### AVAILABLE DATA:
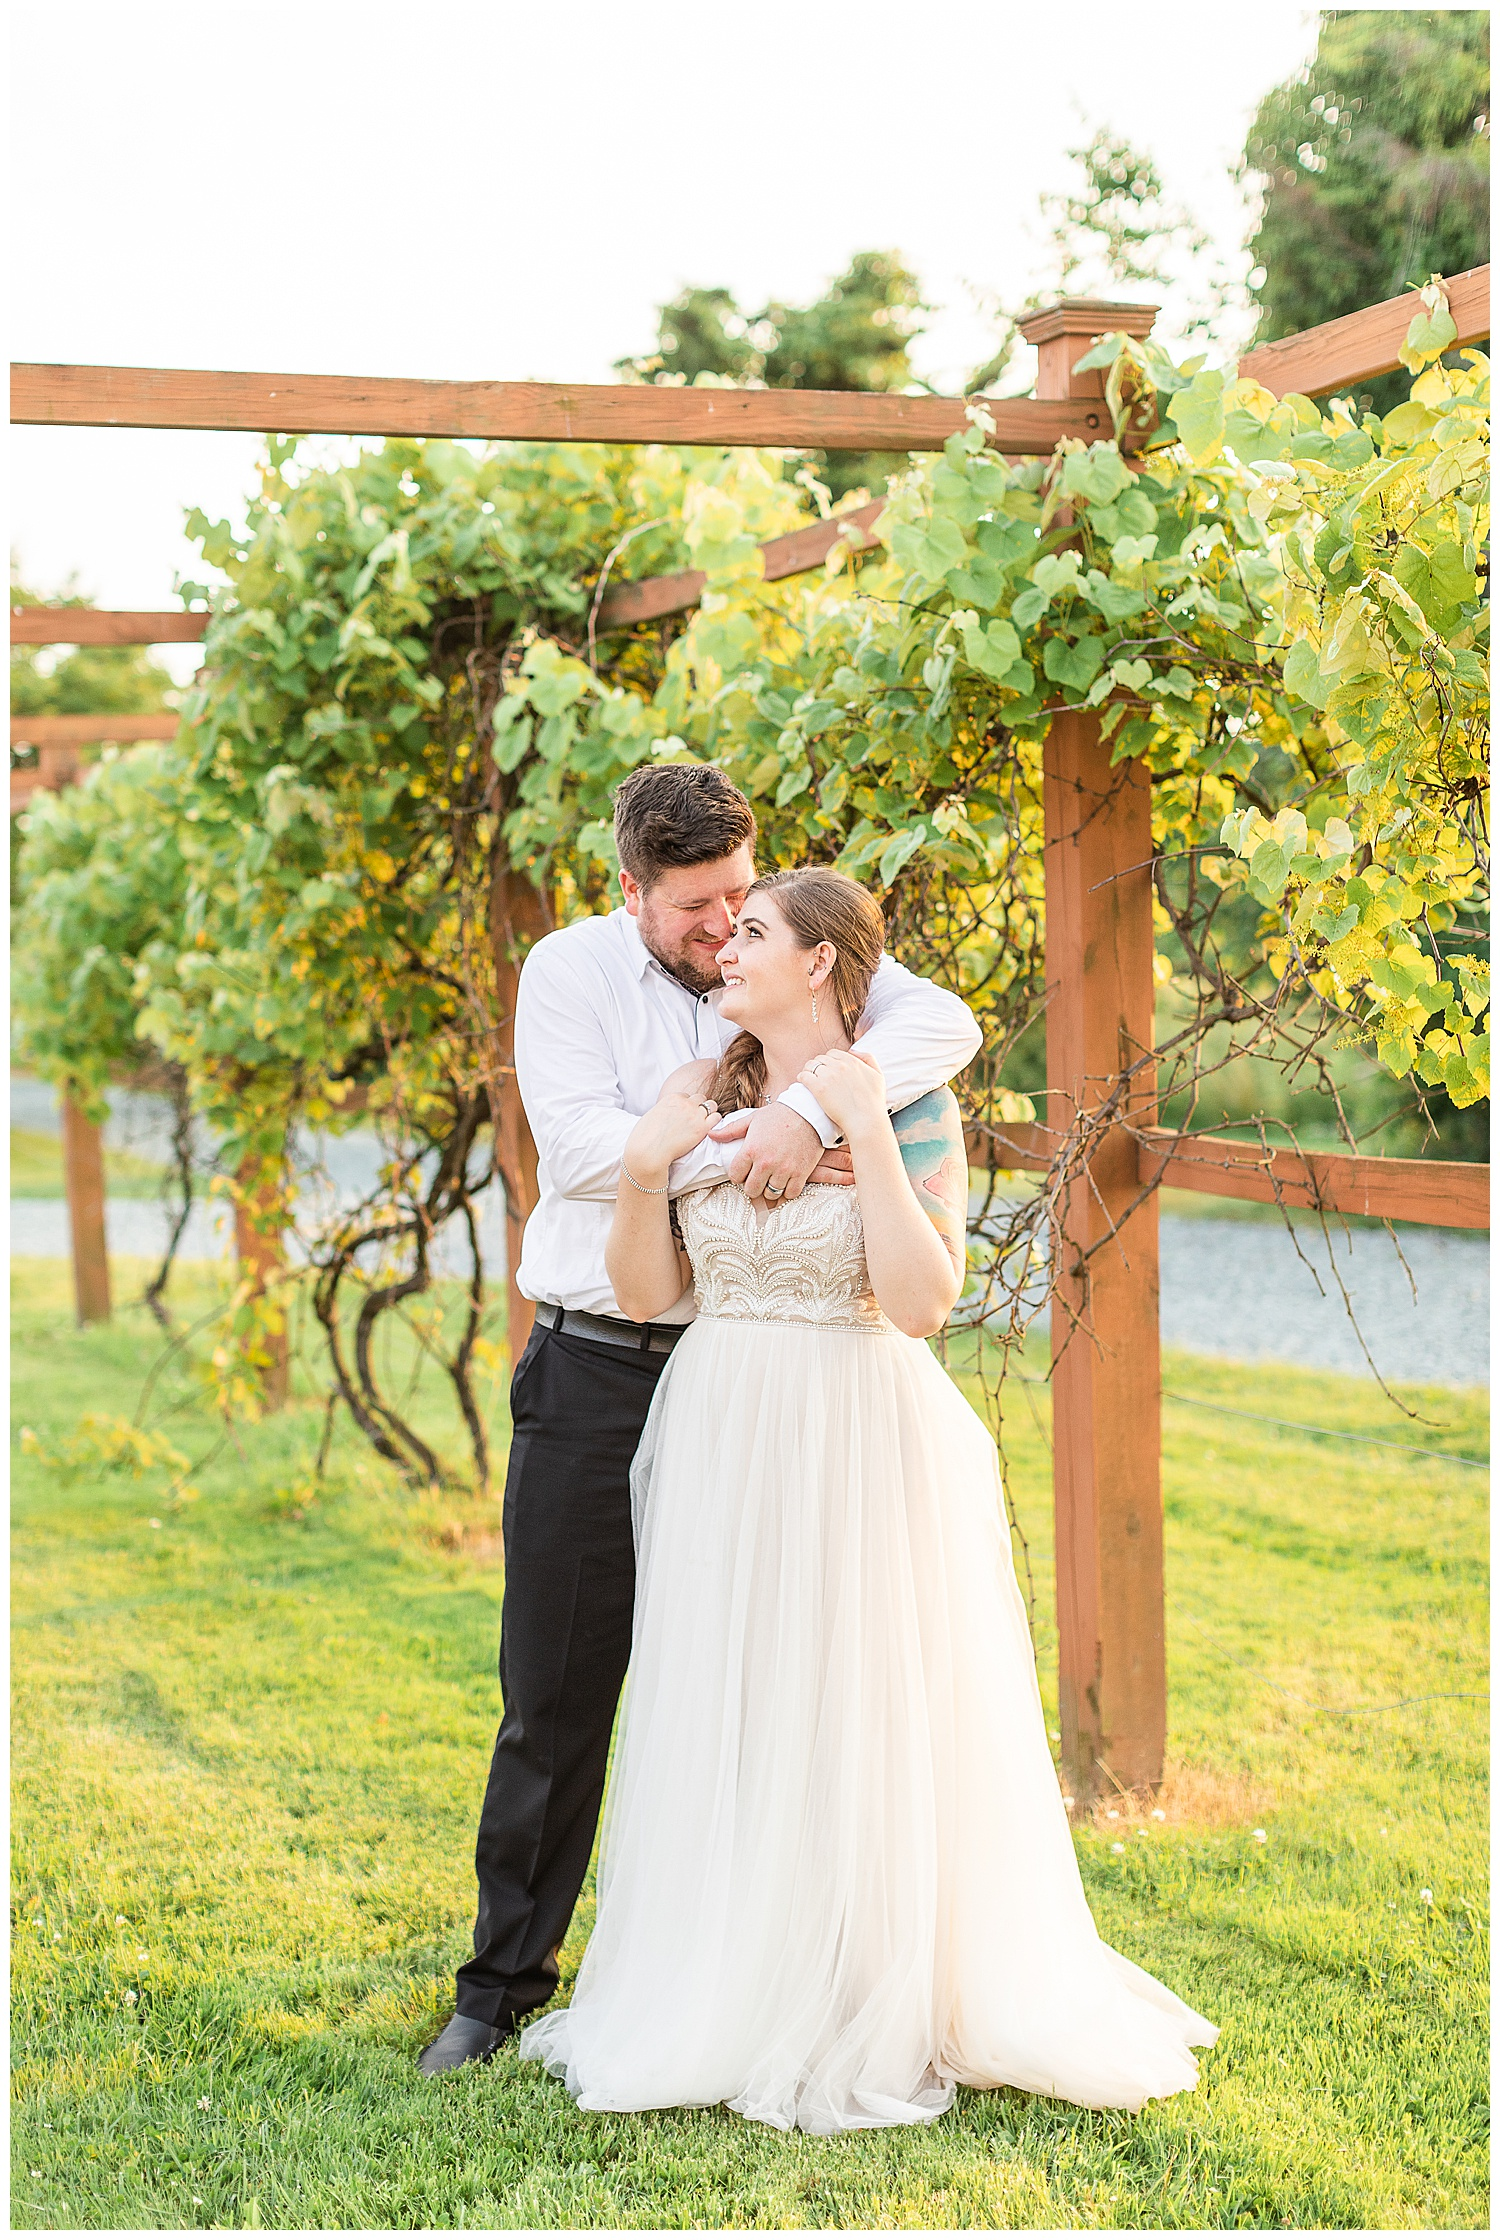 Bohemia-Overlook-Wedding-photos_0117.jpg
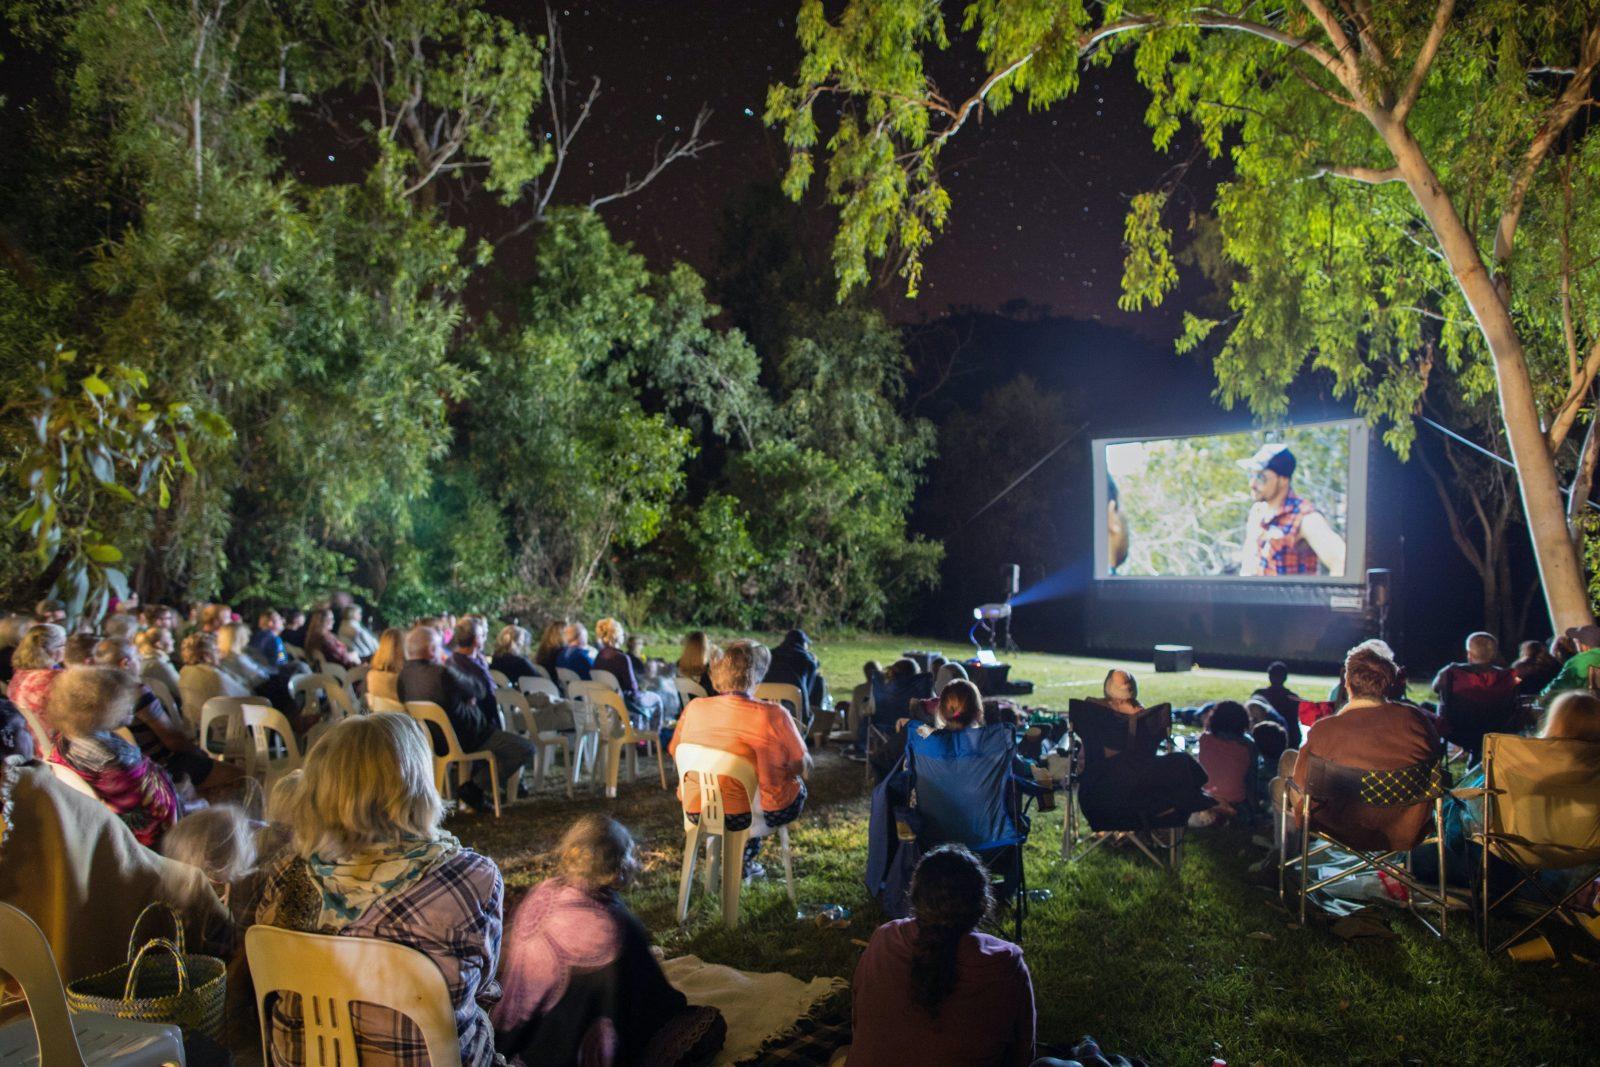 People watching films at night
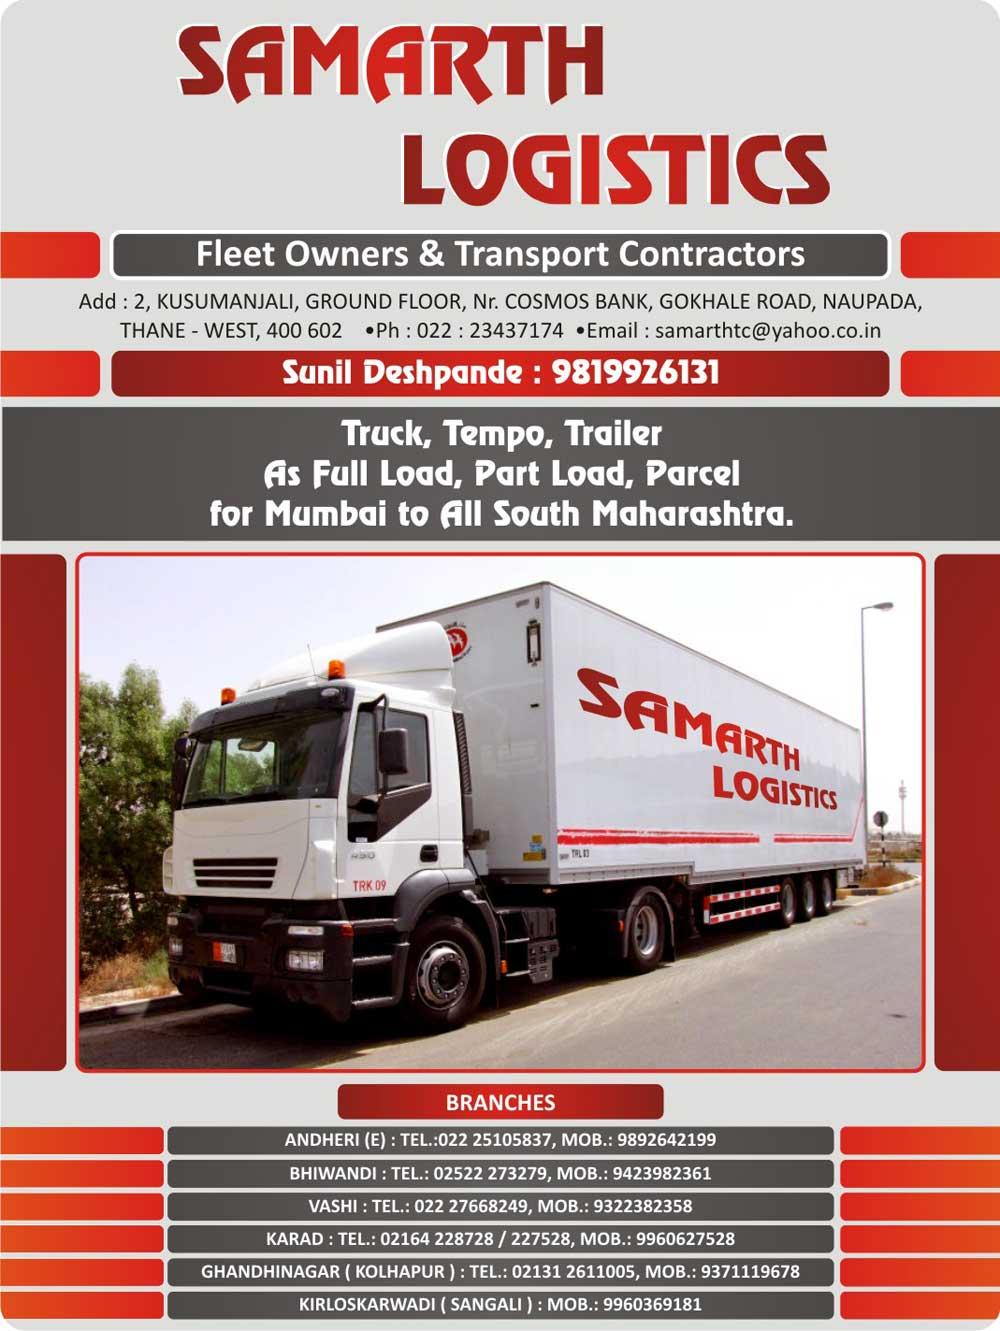 Samarth Logistics
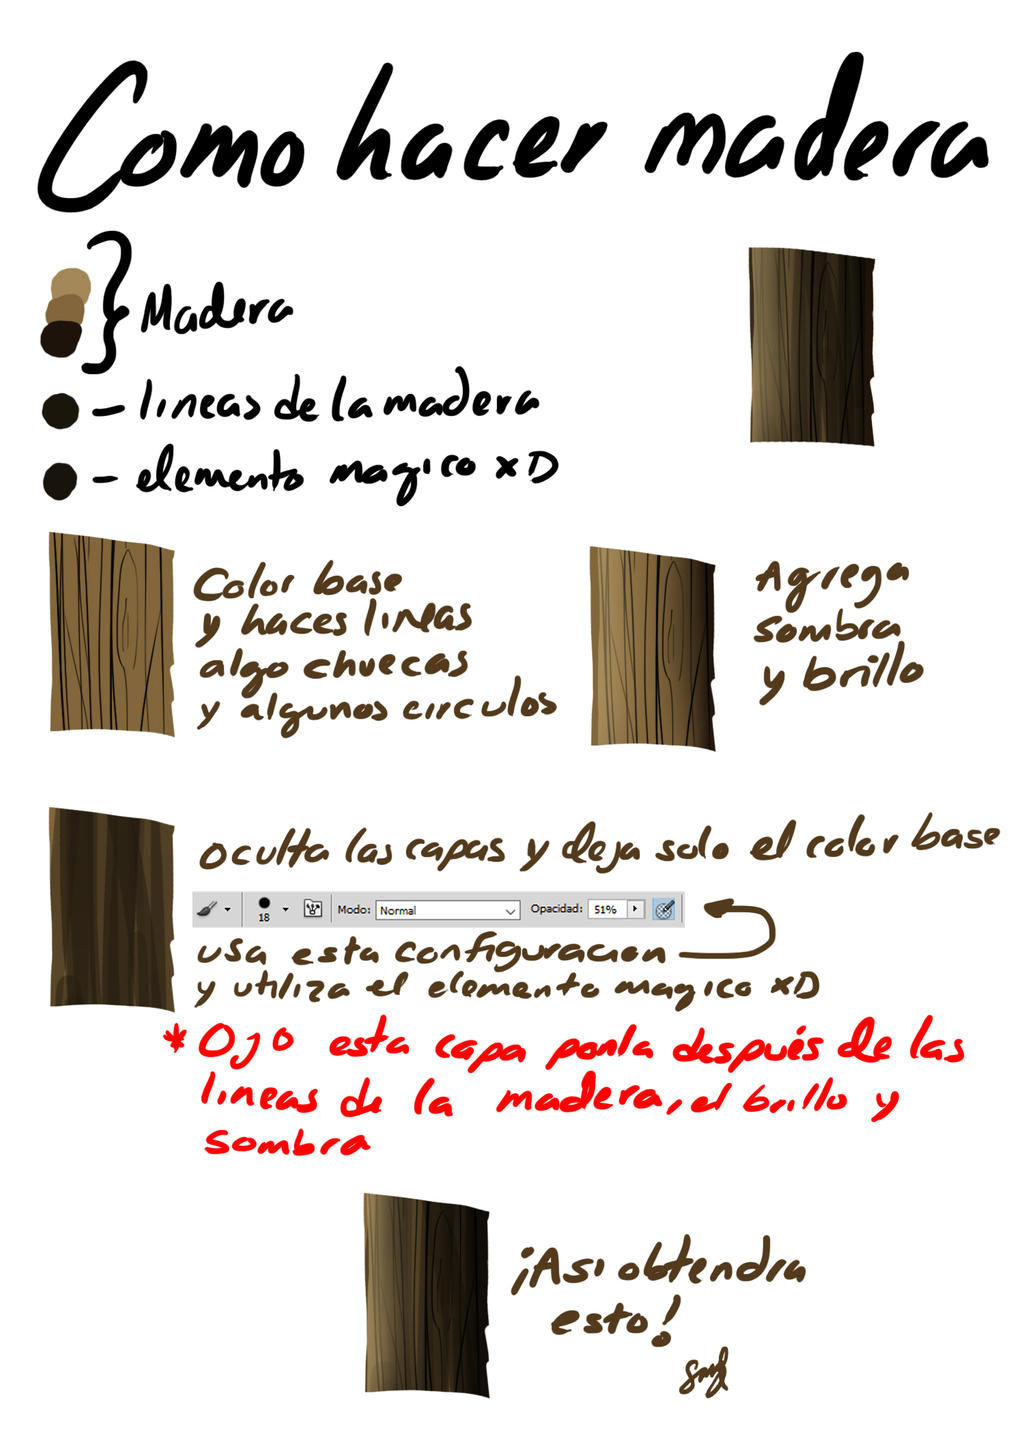 Tutorial| Como hacer madera by Selanime

### WORK REQUEST:
Set the material above down again word for word. Include none of its pictures.

### YOUR SOLUTION:
 Bohemia-Overlook-Wedding-photos_0117.jpg
 People watching films at night
 Samarth Logistics
 Tutorial| Como hacer madera by Selanime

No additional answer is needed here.